Extracted material.
*** Block opens ***

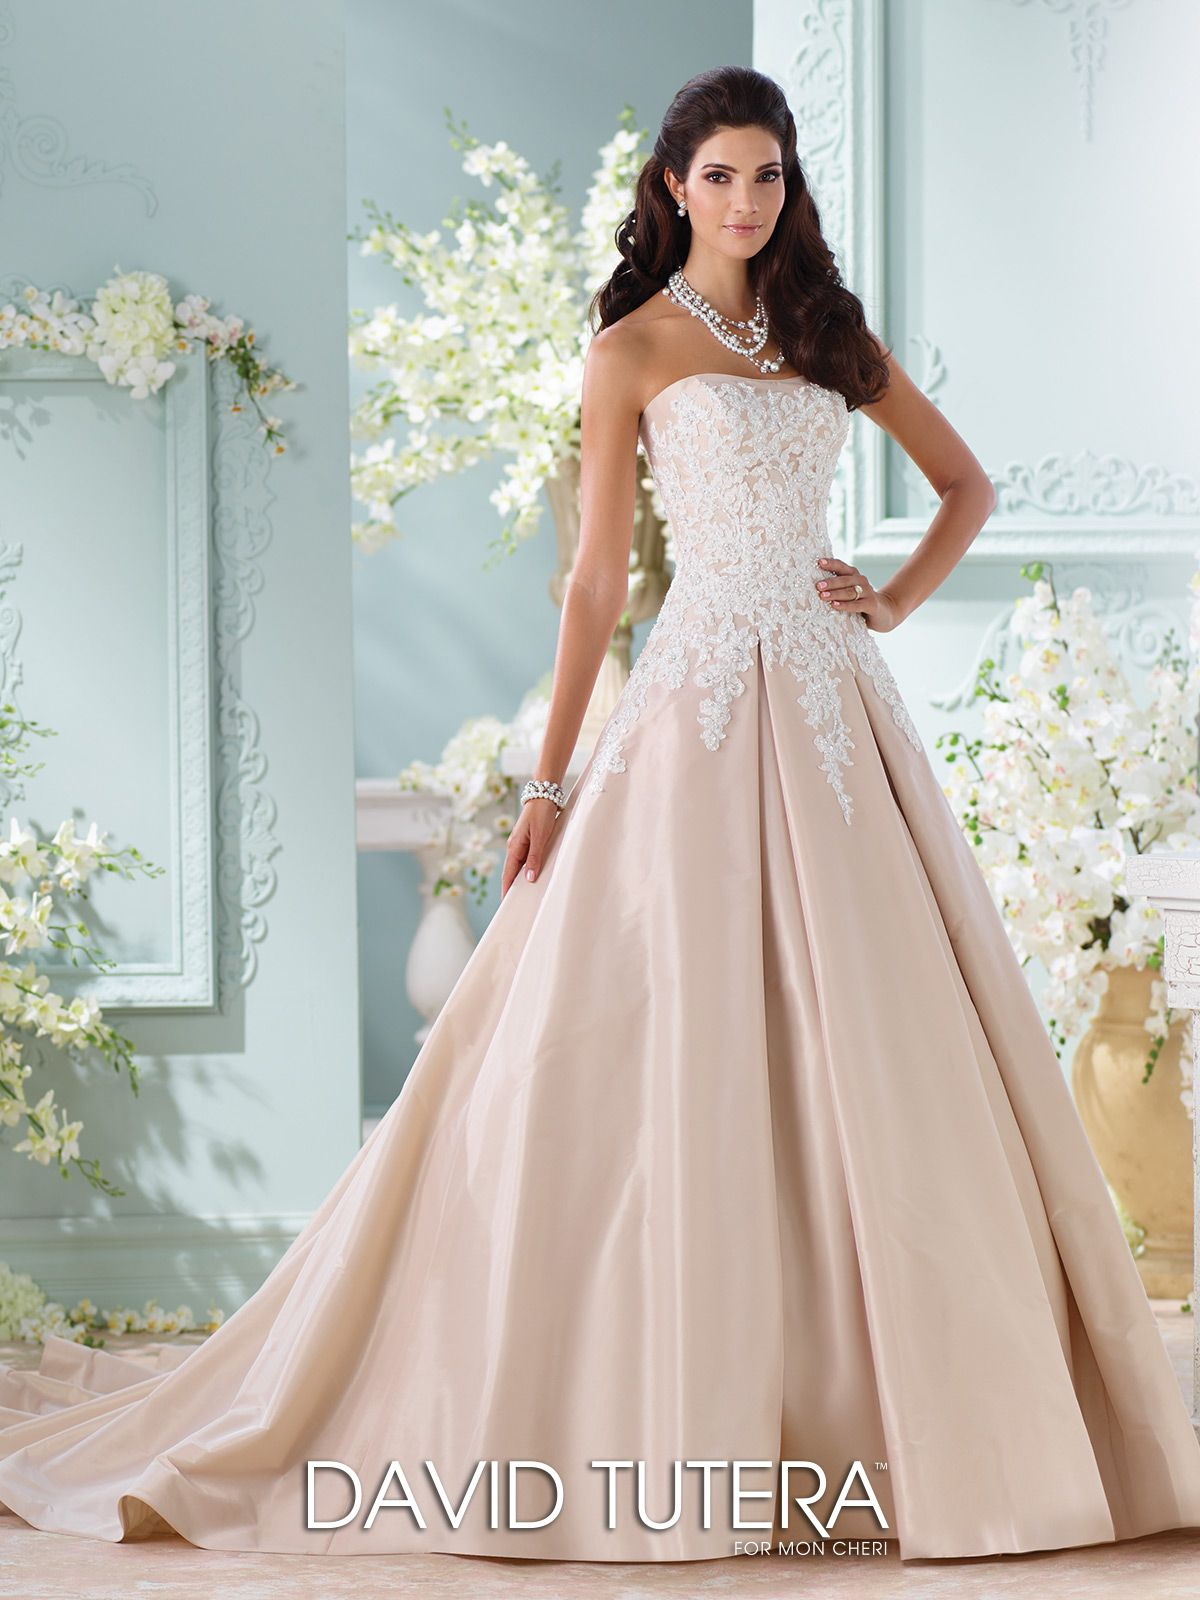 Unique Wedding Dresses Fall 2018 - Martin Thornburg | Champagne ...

*** Block closes ***
*** Block opens ***

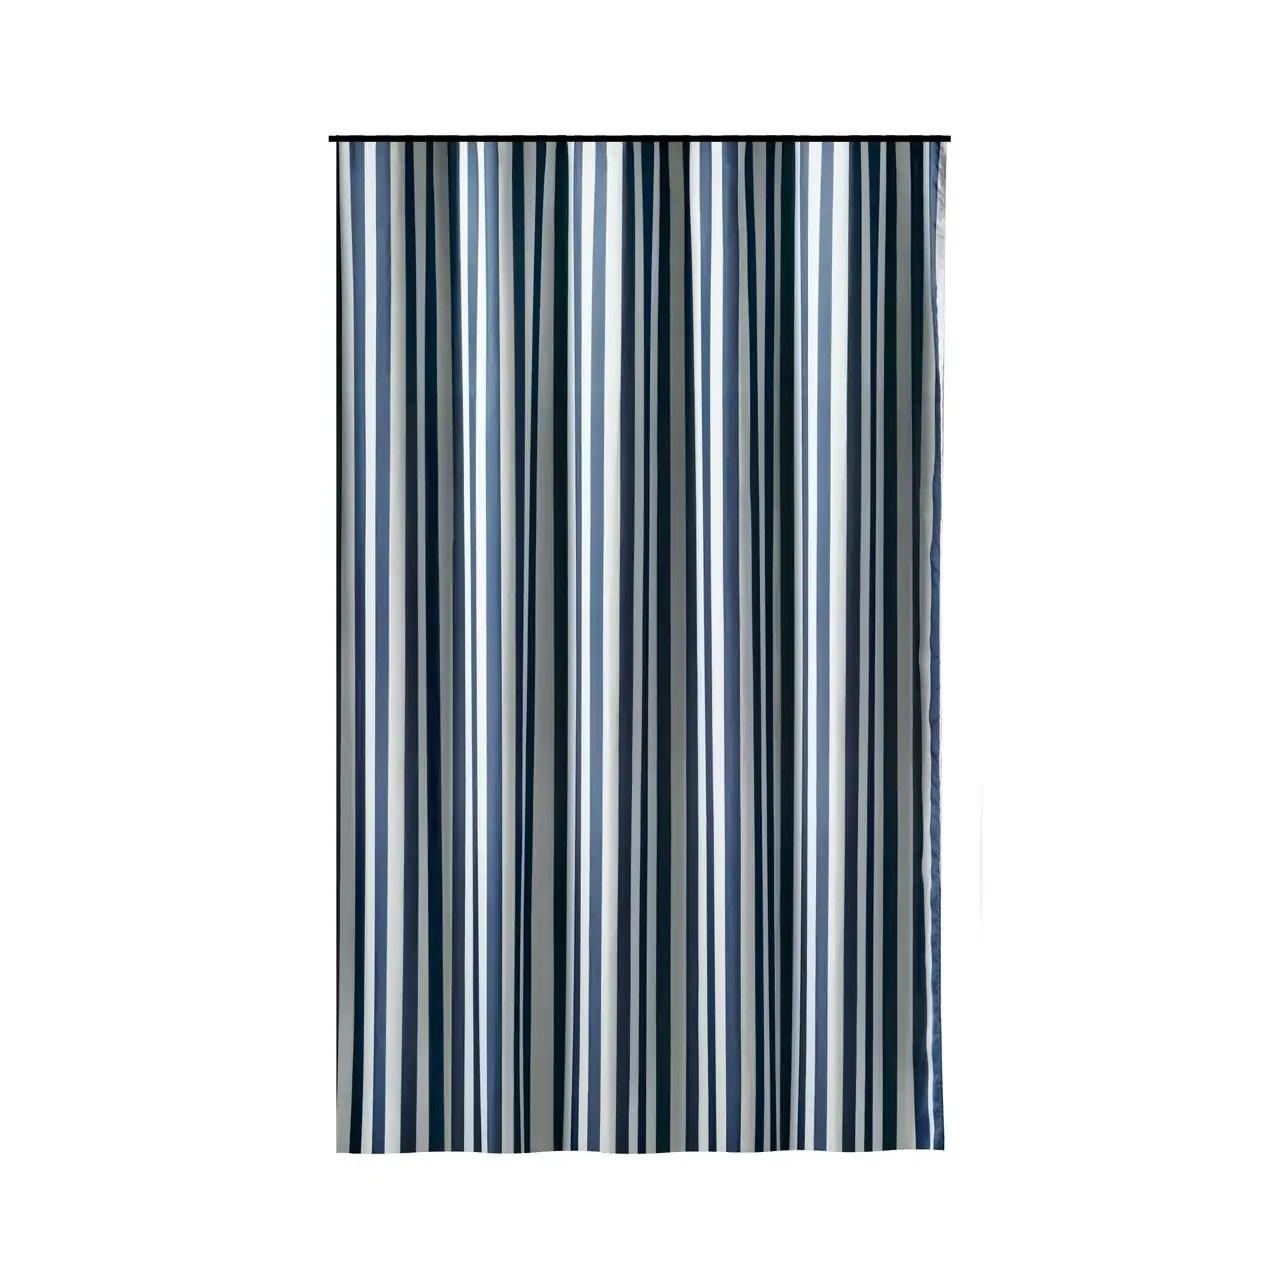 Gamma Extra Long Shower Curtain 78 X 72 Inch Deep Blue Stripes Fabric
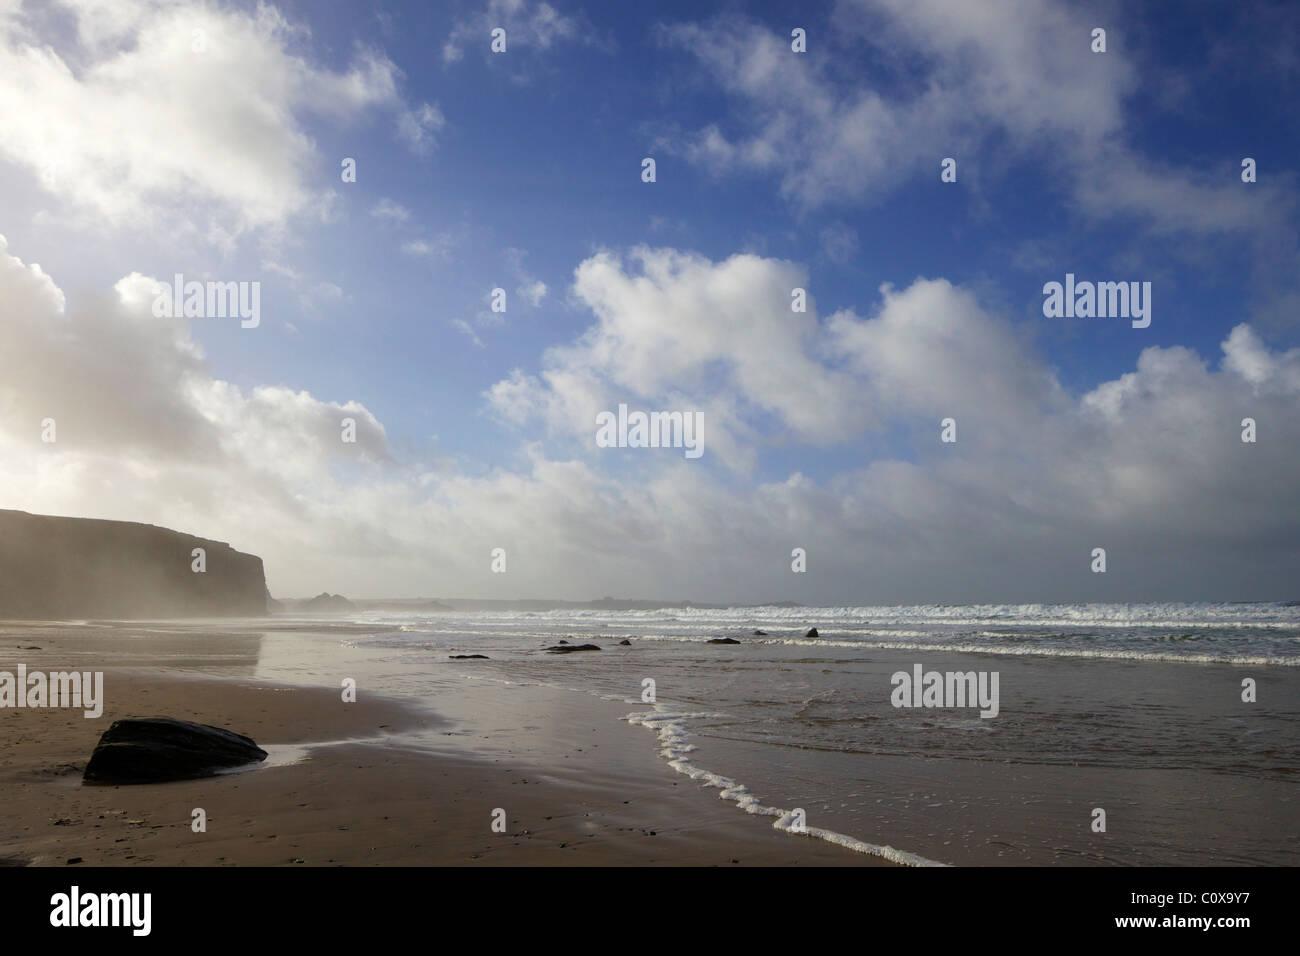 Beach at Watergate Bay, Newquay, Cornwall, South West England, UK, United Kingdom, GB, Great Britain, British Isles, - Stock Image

*** Block closes ***
*** Block opens ***

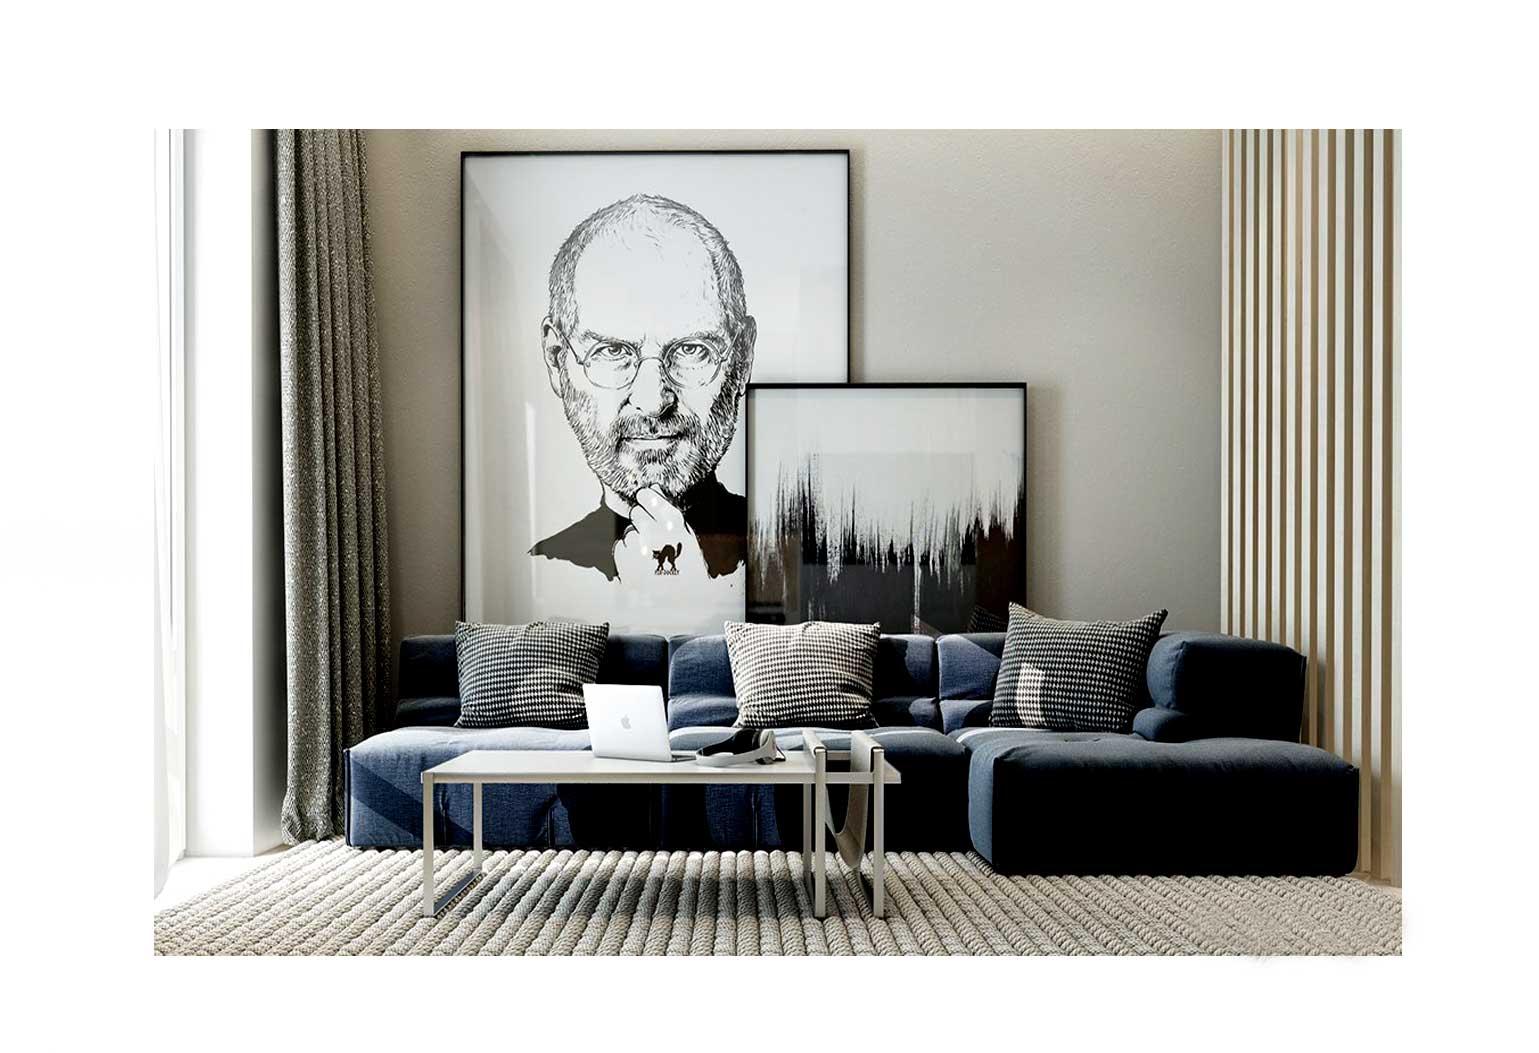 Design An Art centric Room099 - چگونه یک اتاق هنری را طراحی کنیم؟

*** Block closes ***

In the listing above, find the line containing "Gamma Extra Long" and the line containing "Beach at Watergate", then write out both of them and every line between, exactly, with no pictures.

Your solution.
 Gamma Extra Long Shower Curtain 78 X 72 Inch Deep Blue Stripes Fabric
 Beach at Watergate Bay, Newquay, Cornwall, South West England, UK, United Kingdom, GB, Great Britain, British Isles, - Stock Image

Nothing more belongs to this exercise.